Se levantó con dificultad, como un pájaro herido, cogió su enorme mochila negra y salió con paso vacilante de la cocina. No se oía nada desde el vestíbulo. ¿Estaba recuperándose, pensándolo mejor, tal vez? Entonces se oyó un portazo. No fue al instituto ni a casa de sus padres, pero los chicos la vieron en discotecas, manifestaciones y mítines políticos en distintos puntos de Londres.
Casi inmediatamente después de que Phyllida se instalara allí, llegó Jill. Era un fin de semana y Andrew se encontraba allí. Frances y él estaban cenando e invitaron a Jill a que los acompañara.

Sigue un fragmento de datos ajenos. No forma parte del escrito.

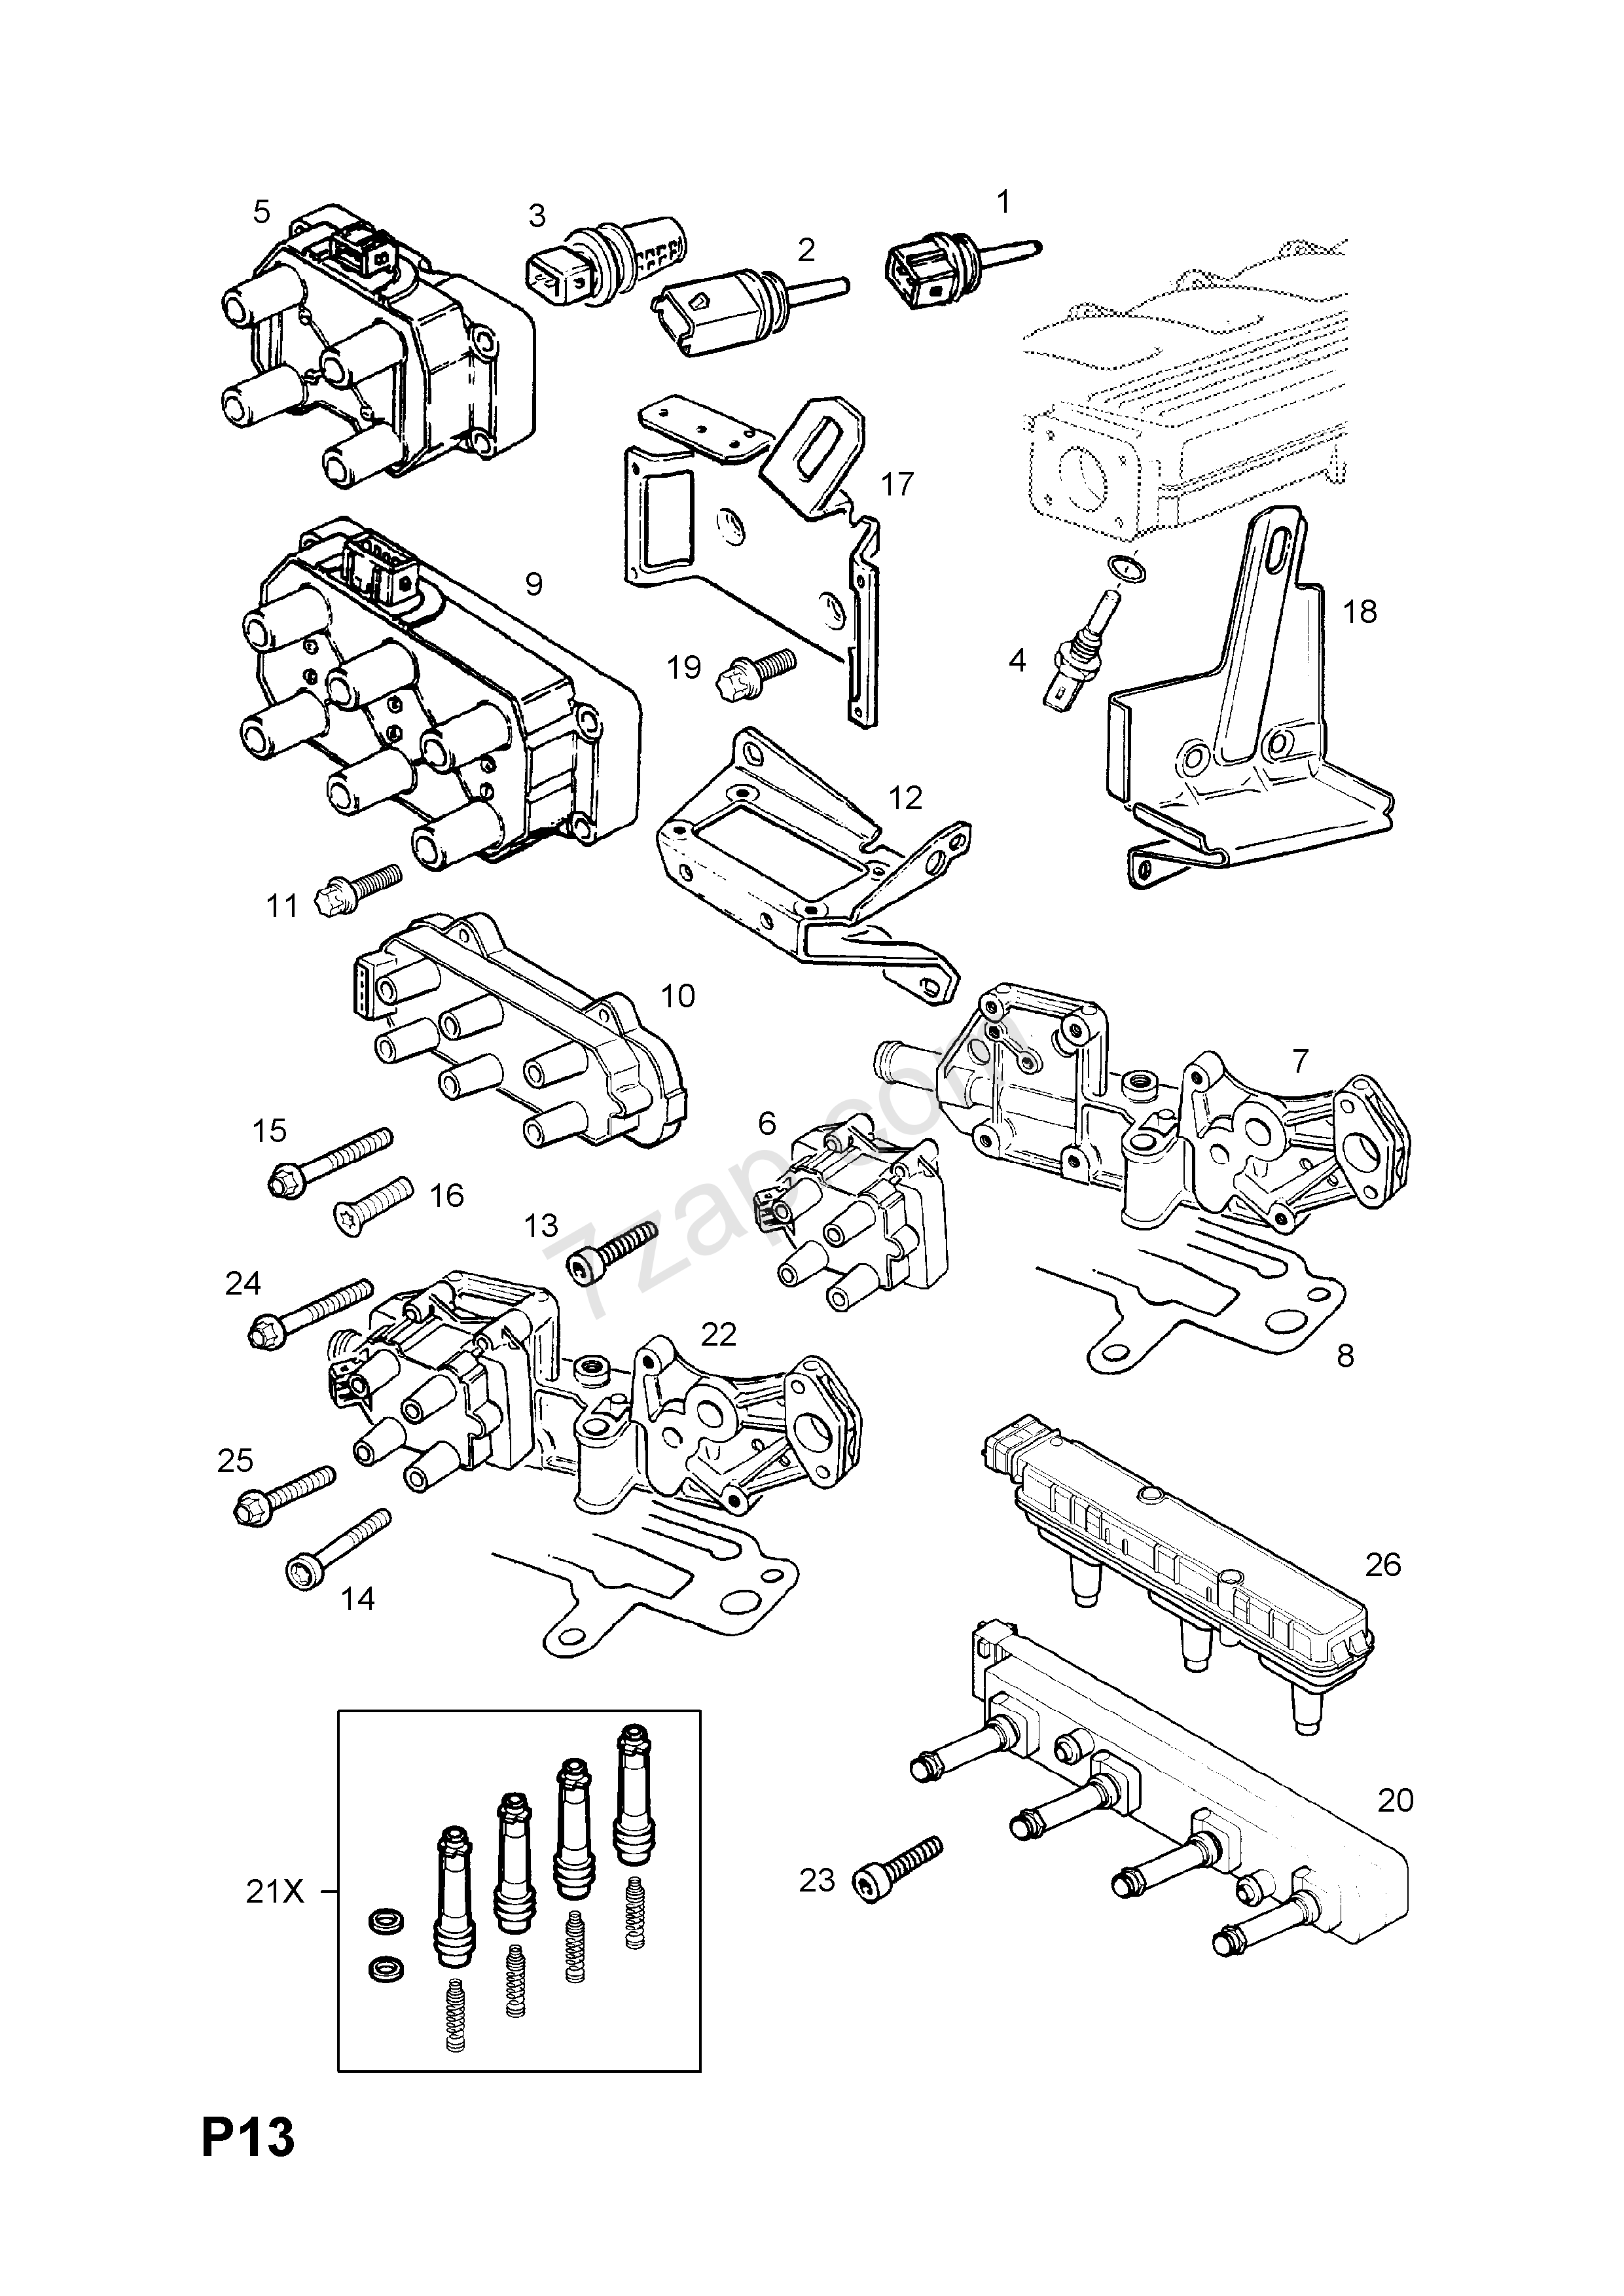 New Basic Engine Wiring #diagram #wiringdiagram #diagramming ... on westinghouse wiring diagrams, kitchenaid wiring diagrams, maytag wiring diagrams, gibson wiring diagrams, ge wiring diagrams, sears wiring diagrams, hotpoint wiring diagrams, frigidaire wiring diagrams, eaton wiring diagrams, craftsman wiring diagrams, whirlpool wiring diagrams, samsung wiring diagrams, hobart wiring diagrams, lg wiring diagrams, panasonic wiring diagrams, viking wiring diagrams, dacor wiring diagrams, speed queen wiring diagrams, amana wiring diagrams, buckley wiring diagrams,

No le preguntaron qué había hecho. Tenía las manos cubiertas de cicatrices y había engordado hasta un extremo insalubre. Ya no era la jovencita rubia, delgada y pulcra del pasado; la ropa le venía demasiado ceñida y sus facciones se habían vuelto fofas. Aunque no la interrogaron, ella los puso al día. La habían internado en una institución psiquiátrica, se había fugado, había regresado voluntariamente y había acabado ayudando a las enfermeras con los demás pacientes. Pensaba que estaba curada, y los médicos coincidían con ella.
«¿Crees que podrías interceder ante el colegio para que me readmitieran? Si pudiera presentarme a los exámenes… Estoy segura de que aprobaría. Estuve estudiando un poco en el manicomio. —De nuevo Frances respondió que era un poco tarde—. ¿No podrías hablar con ellos?» —insistió Jill.
La complació, y en el instituto hicieron una excepción por Jill, a quien creían capaz de superar los exámenes si se aplicaba. Pero ¿dónde iba a vivir? Le preguntaron a Phyllida si le importaría ocupar la habitación donde se había alojado Franklin: «A caballo regalado…»
En cuanto Jill se instaló, sin embargo, Phyllida la convirtió en blanco de sus acusaciones. Desde la cocina oían la constante y monótona retahila de quejas, y al cabo de un solo día Jill pidió ayuda a Sylvia, y juntas fueron a hablar con Frances y Andrew.
—Nadie la soporta —dijo Sylvia—. No culpéis a Jill.
—No la culpo —repuso Frances.
—No la culpamos —convino Andrew.
—Podría dormir en el salón —sugirió Jill.
—Puedes usar nuestro cuarto de baño —ofreció Andrew.
Concedieron a Jill lo que les había parecido inadmisible en el caso de Rose, pues ella no llenaría el centro de la casa con nubarrones de ira y desconfianza.
—Lo sabía —comentó Julia—. Sabía que llegaría este momento. Esta hermosa casa se ha convertido en una pensión. Me sorprende que no haya sucedido antes.
—Casi nunca usamos el salón.
—Ésa no es la cuestión, Andrew.
—Lo sé, abuela.
Tal fue la situación a partir del otoño de 1964: Andrew iba y venía desde Cambridge, Jill estudiaba con esmero, como una chica responsable y buena, Sylvia se esforzaba tanto que Julia decía entre lágrimas que acabaría por enfermar, Colin pasaba temporadas allí y temporadas fuera. Frances trabajaba en casa y en el Cosmo, a menudo colaborando con Rupert Boland en interesantes proyectos. Phyllida permanecía en el apartamento del sótano y se portaba bien, sin molestar a Sylvia, que rehuía su compañía.